The strong volume growth in April 2018, though on a low base (April 2017 sales had been impacted by a shift to BSIV and demonetisation), seems to reflect an improvement in the underlying demand and a possible recovery in rural markets. Commercial Vehicle (CV) sales continue to benefit government’s push towards infrastructure development, restriction on overloading, road construction and mining activities. While two wheeler (2W)/tractor sales benefitted from recovery in rural demand post normal monsoons, volumes in passenger vehicles (PV) segment remained steady, partially due to new product launches.
PV – Maruti (MSIL) volumes steady, driven by compact segment: MSIL’s overall volumes grew 14% yoy to 172,986 units. Domestic volumes were up 14% yoy while export volumes rebounded with 19% yoy growth. Newly launched models in the compact segment drove the growth - the new Swift currently has a waiting period of 10 weeks with a strong order backlog. Tata Motors’ (TTMT) domestic PV segment continued its upward momentum surging 34% yoy, aided by strong sales of Tigor in the car segment and supported by Nexon volumes in the utility vehicle (UV) space. Growth in M&M’s UV segment at 11% was partially driven by a refreshed version of the XUV 5oo.
2W – Strong growth on a low base; rural demand maybe recovering: Royal Enfield (RE) volumes grew at steady 27% yoy to ~76,187 units, as production at the new plant stabilised; we expect an uptick in volumes, once the plant ramps up in FY19E. TVS recorded strong 22% yoy growth in 2Ws on a low base, led by robust volumes in the motorcycle segment (helped by the newly launched Apache) while scooter volumes moderated to 10%. Bajaj Auto’s domestic 2W volumes grew 24% yoy, led by entry-level motorcycles, a strong marriage season and a low base (volumes in April 2017 fell 19% yoy).
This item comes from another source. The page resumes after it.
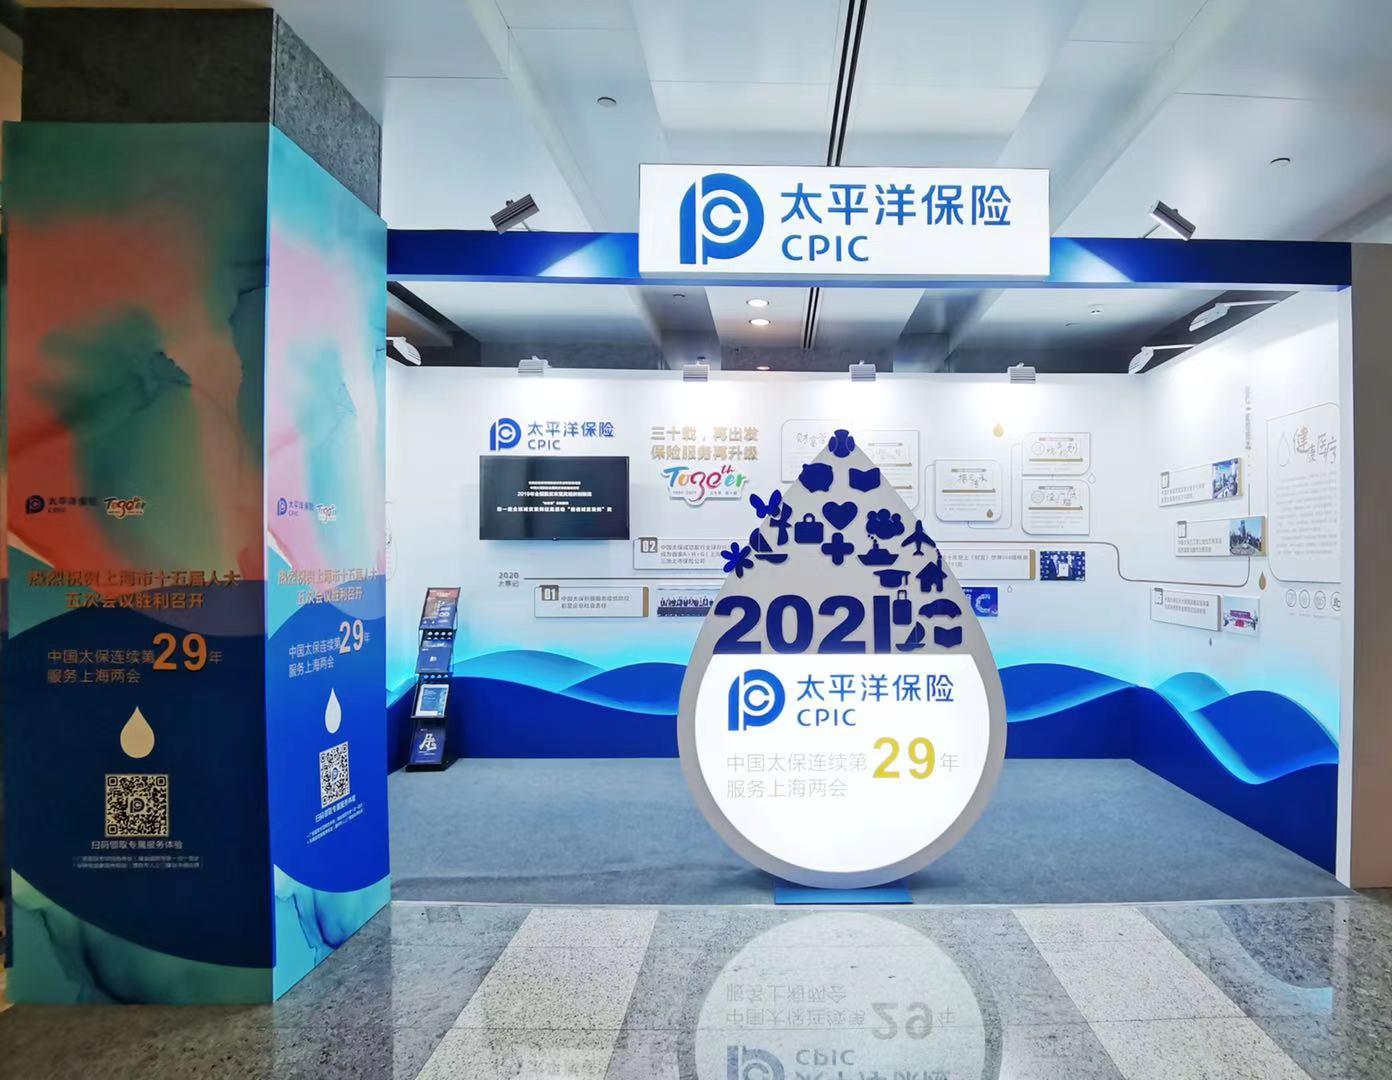 服务保障再升级,中国太保连续第29年服务上海两会
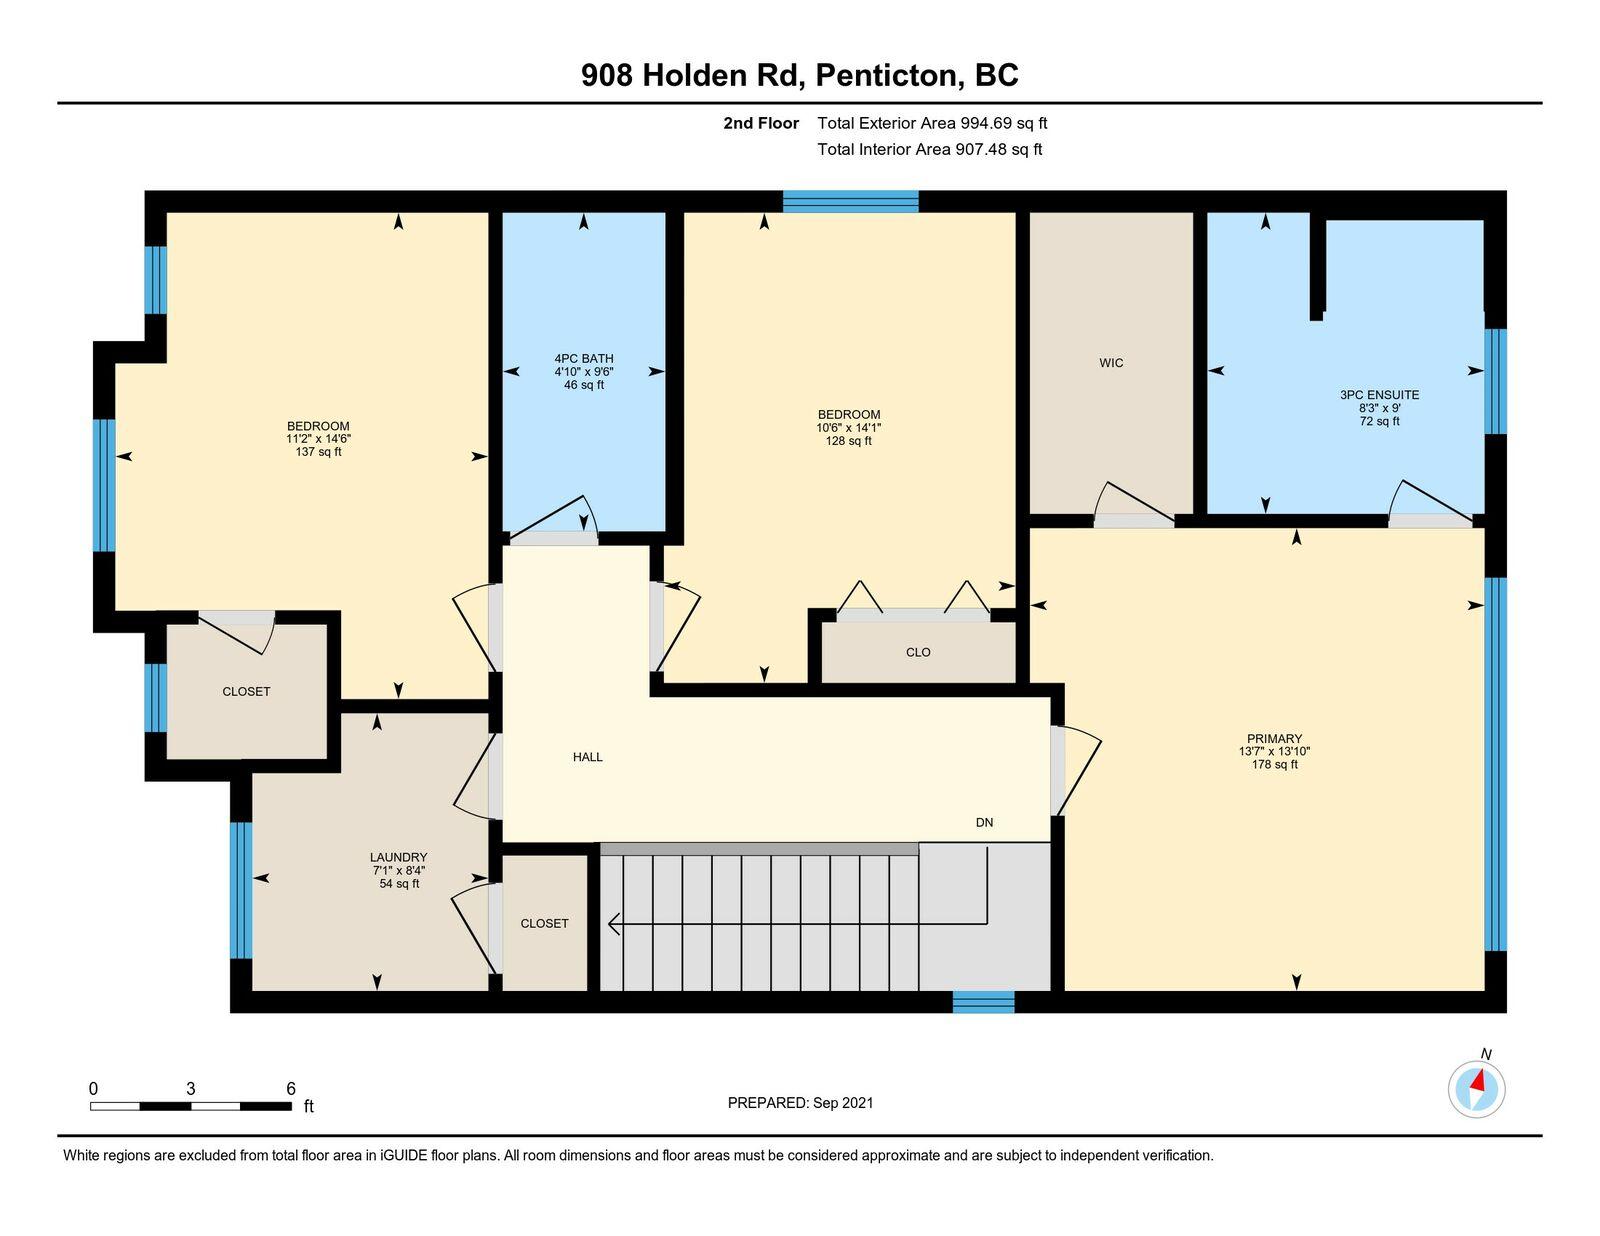 Floor Plan, 2nd

CV – growth momentum continues: MHCVs registered strong growth, propped by stringent restrictions on overloading, replacement buying and shift to higher tonnage vehicles. The e-commerce sector and increased thrust on agriculture boosted LCV volumes. Ashok Leyland’s volumes grew 79% yoy, led by 98% yoy growth in M&HCVs, albeit on a low base (in April 2017 volumes fell by 42% yoy), supported by 45% growth in LCVs. TTML’s domestic truck volumes grew 126% yoy on strong demand from both M&HCVs and LCVs. VECV growth moderated to 28% yoy, as the bus segment declined by 21% yoy.
Tractors on a high: M&M’s domestic tractor volumes registered steady 19% yoy growth, while Escorts reported 29% yoy volume growth. Apart from strong rural demand post a normal monsoon, tractor demand may also be benefitting from a revival in the construction/infrastructure sectors.
Positive surprises: Stronger-than-expected M&HCV volume growth
Negative surprises: No negative surprises
Our view: Even though volume growth is on a low base, it seems to reflect an improvement in the underlying demand trends. With infrastructure spend increasing and rural discretionary consumption showing strong signs of revival, we expect strong demand in FY19. MSIL and Eicher Motors remain our top picks.